Task statement: Give again, unaltered, the line with "426 W Market Street, York, PA 17401" and all lines that follow it in the listing below, minus any pictures.

Input data:
• • • • • • •
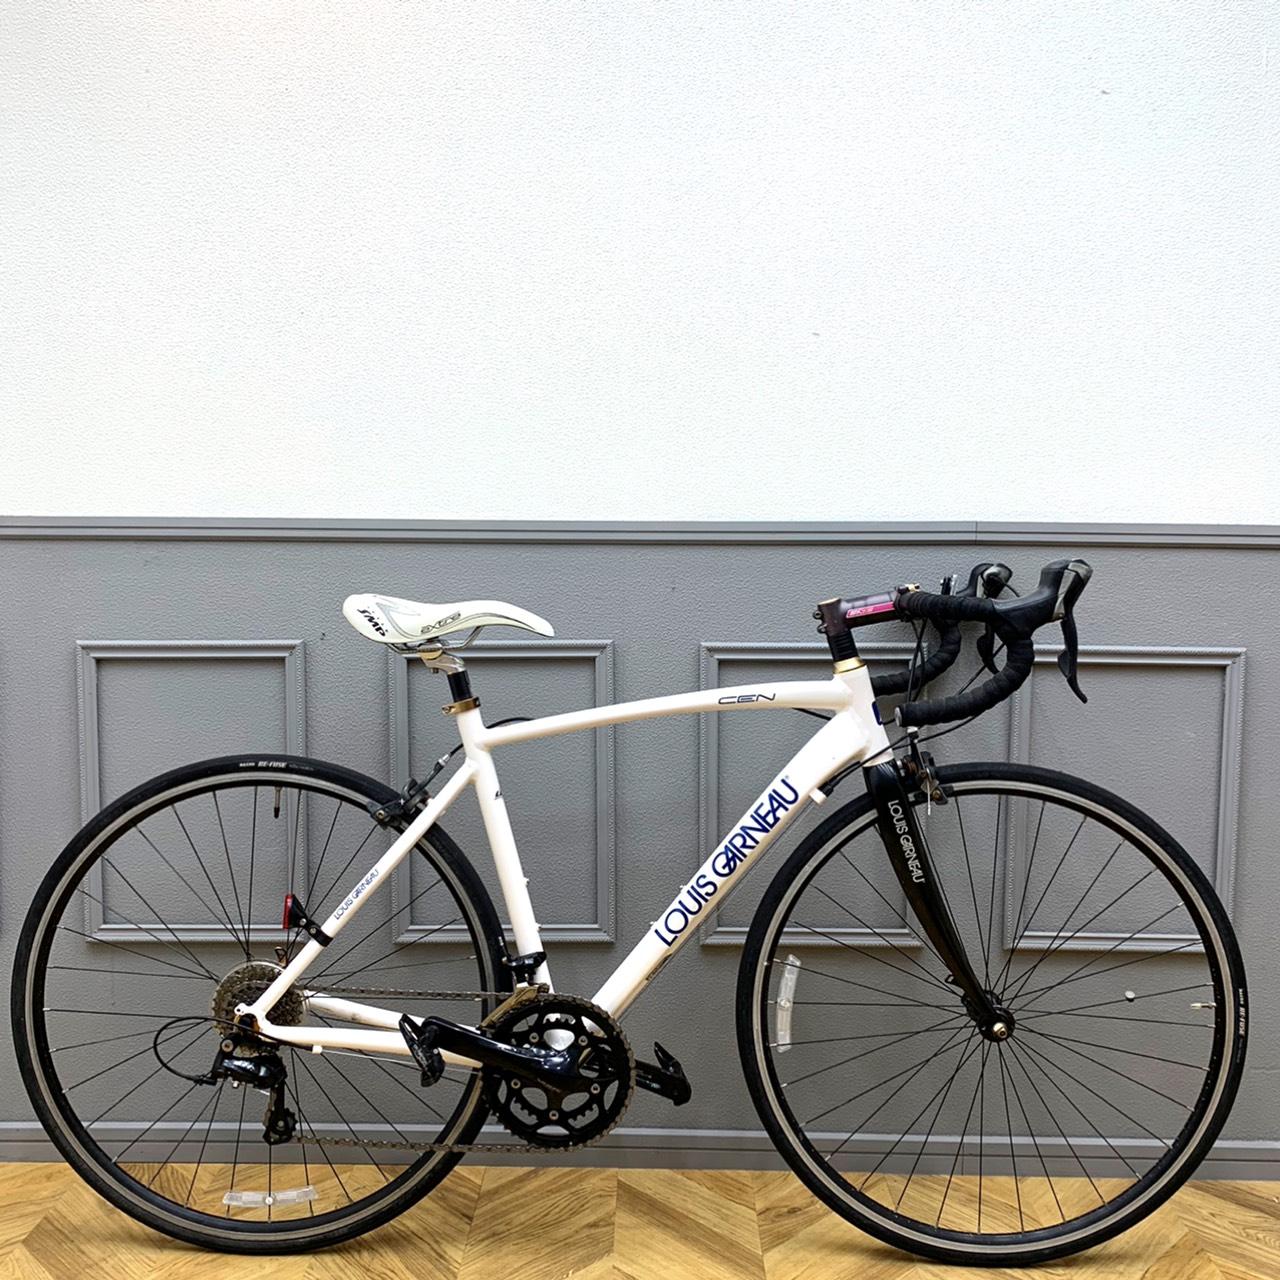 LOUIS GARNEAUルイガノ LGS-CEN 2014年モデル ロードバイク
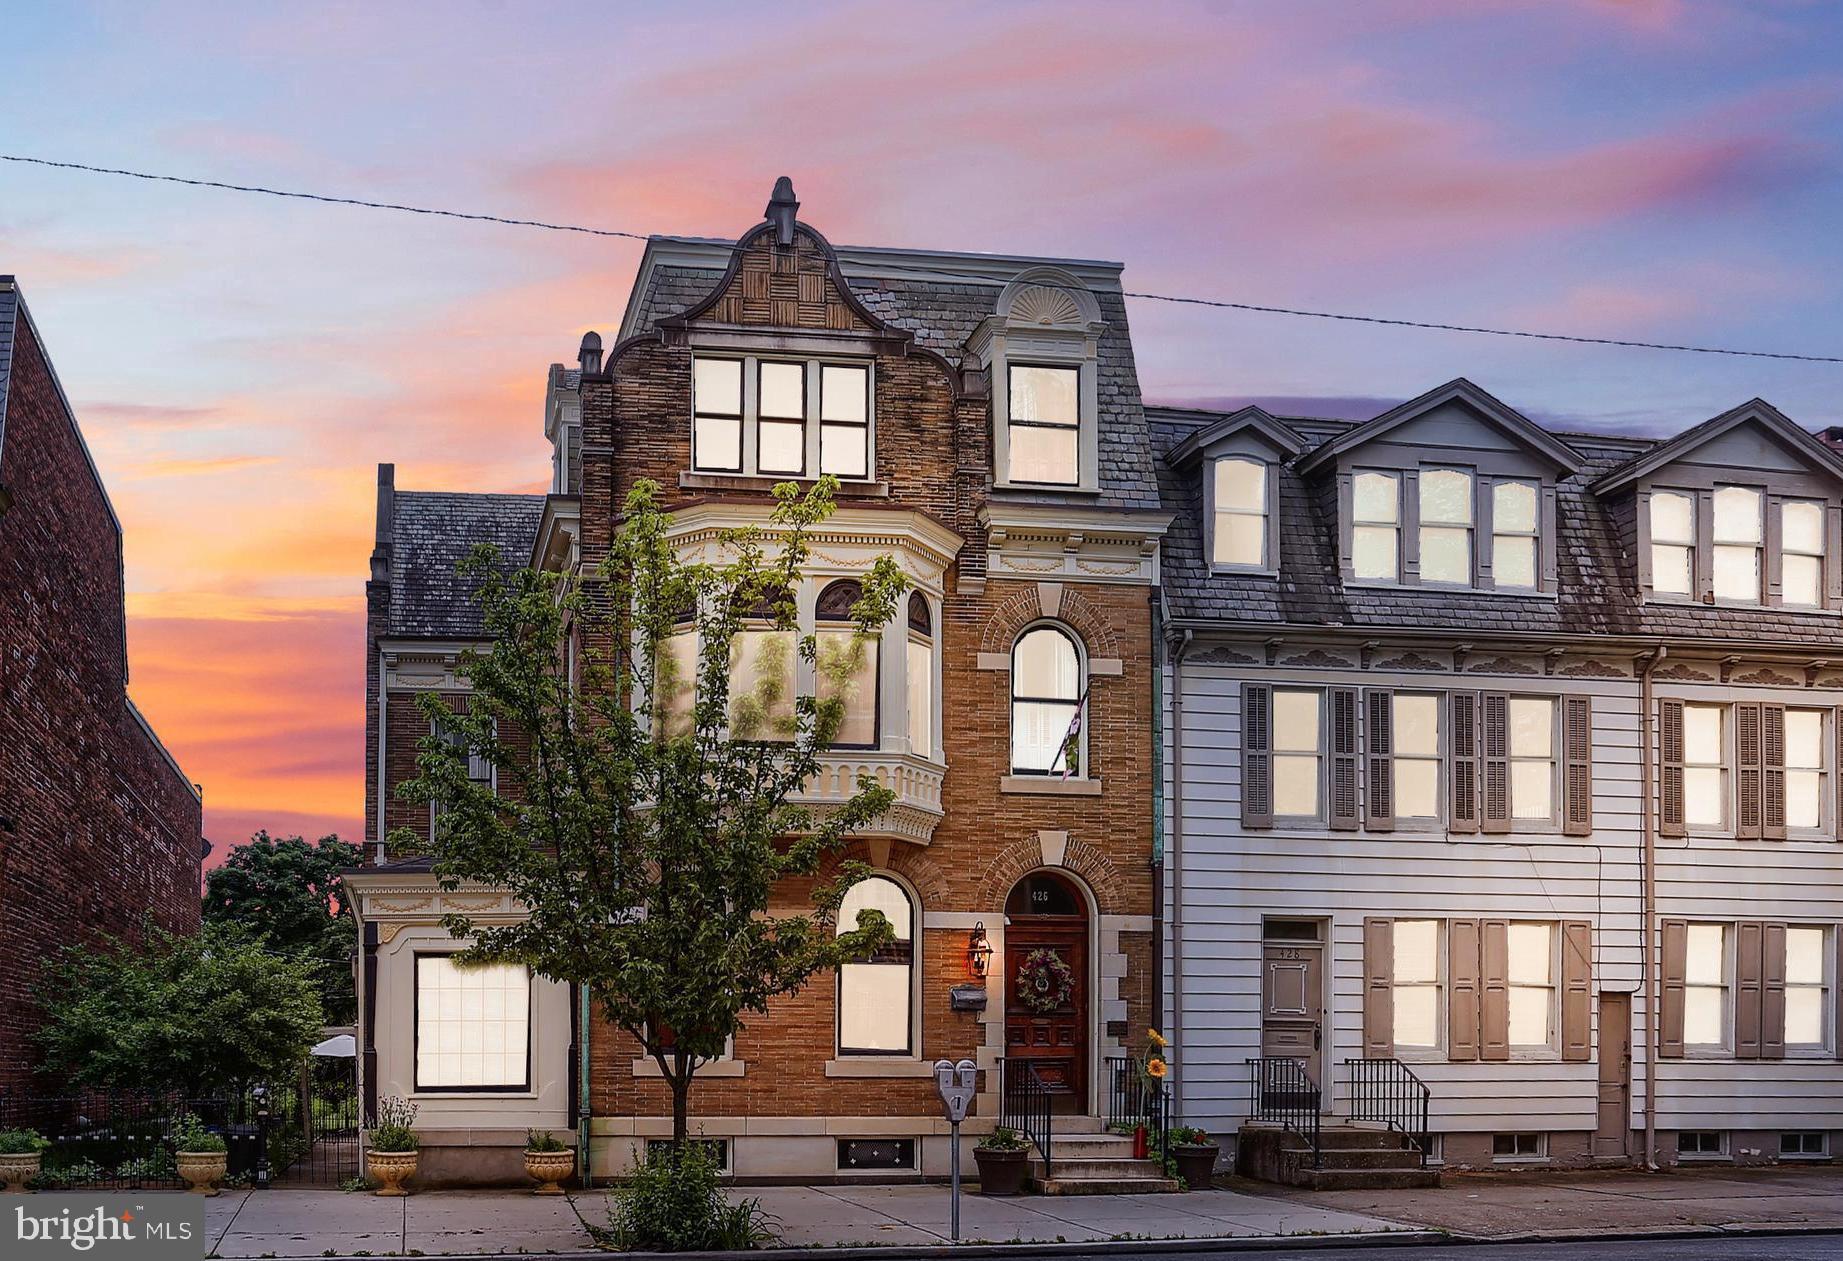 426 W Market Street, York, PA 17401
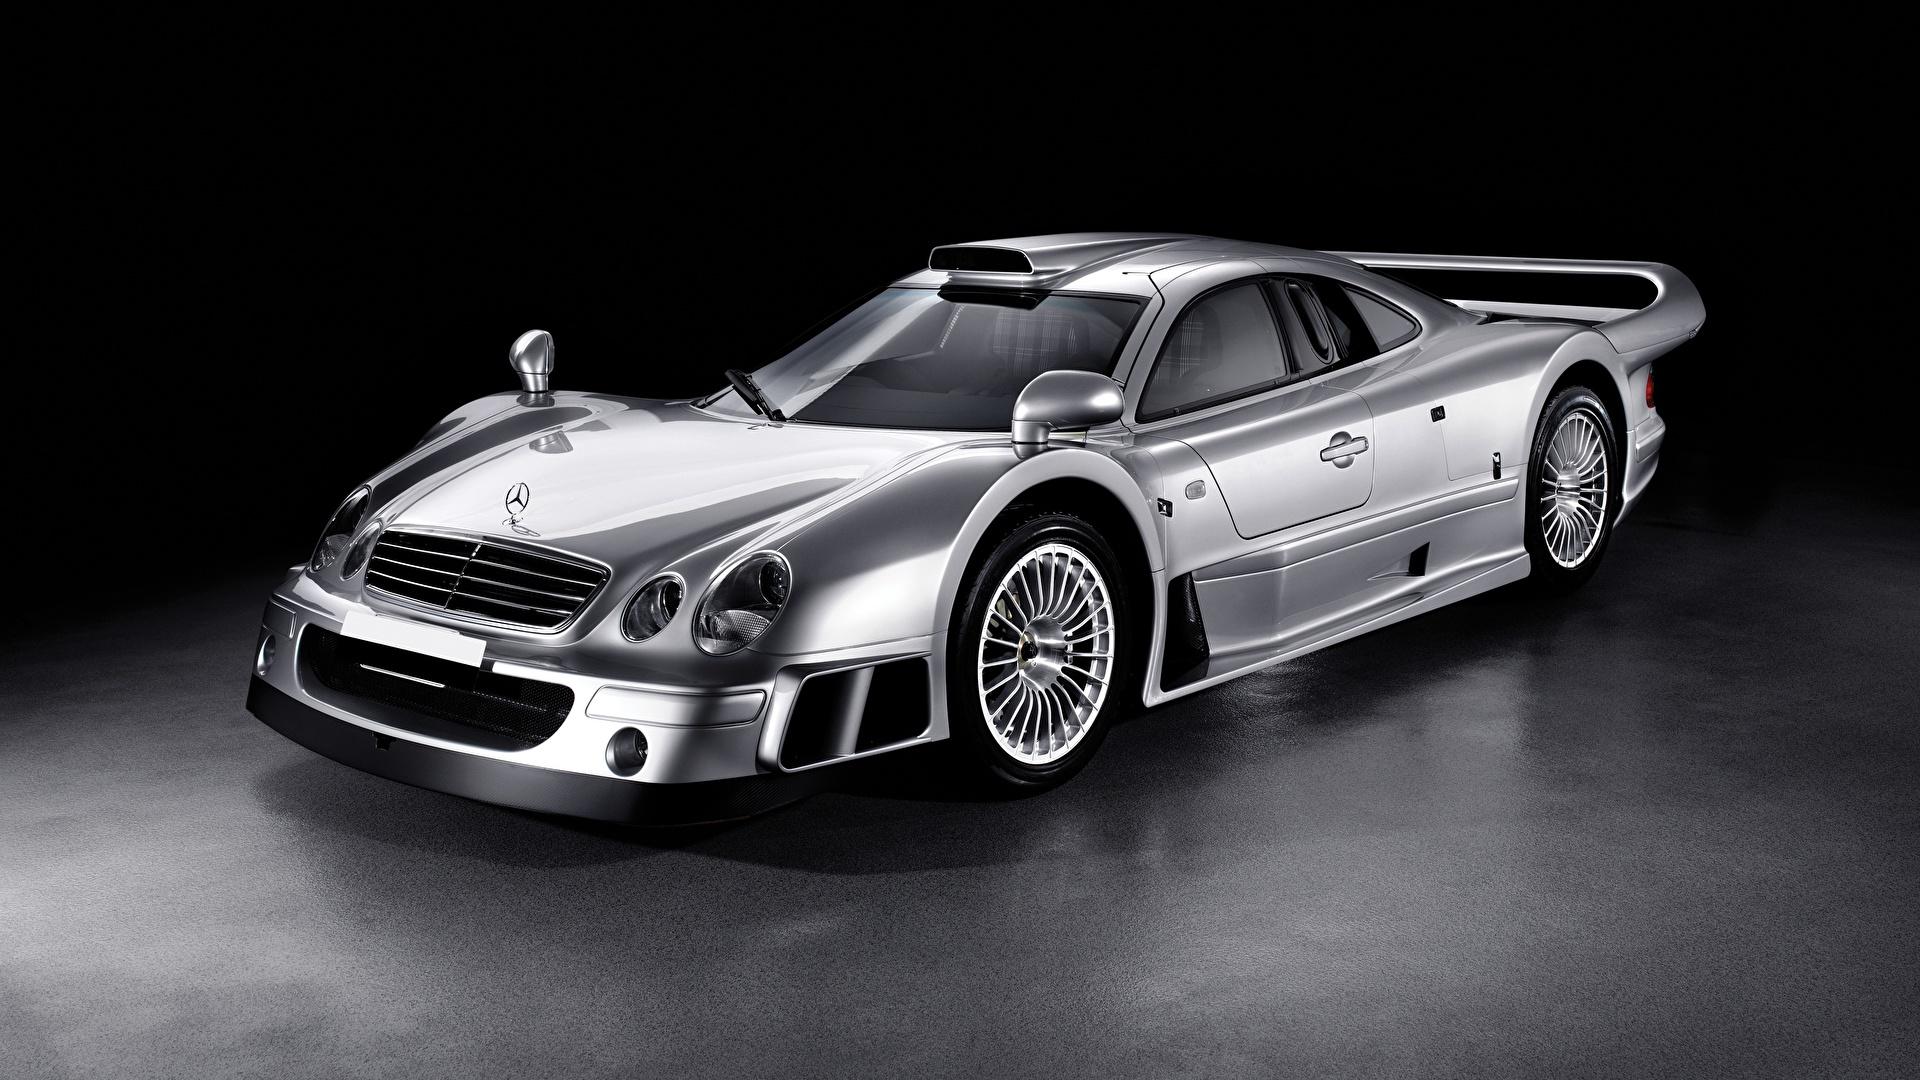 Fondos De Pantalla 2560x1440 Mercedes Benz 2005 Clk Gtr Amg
• • • • • • •
Response for this exercise:
 426 W Market Street, York, PA 17401
 Fondos De Pantalla 2560x1440 Mercedes Benz 2005 Clk Gtr Amg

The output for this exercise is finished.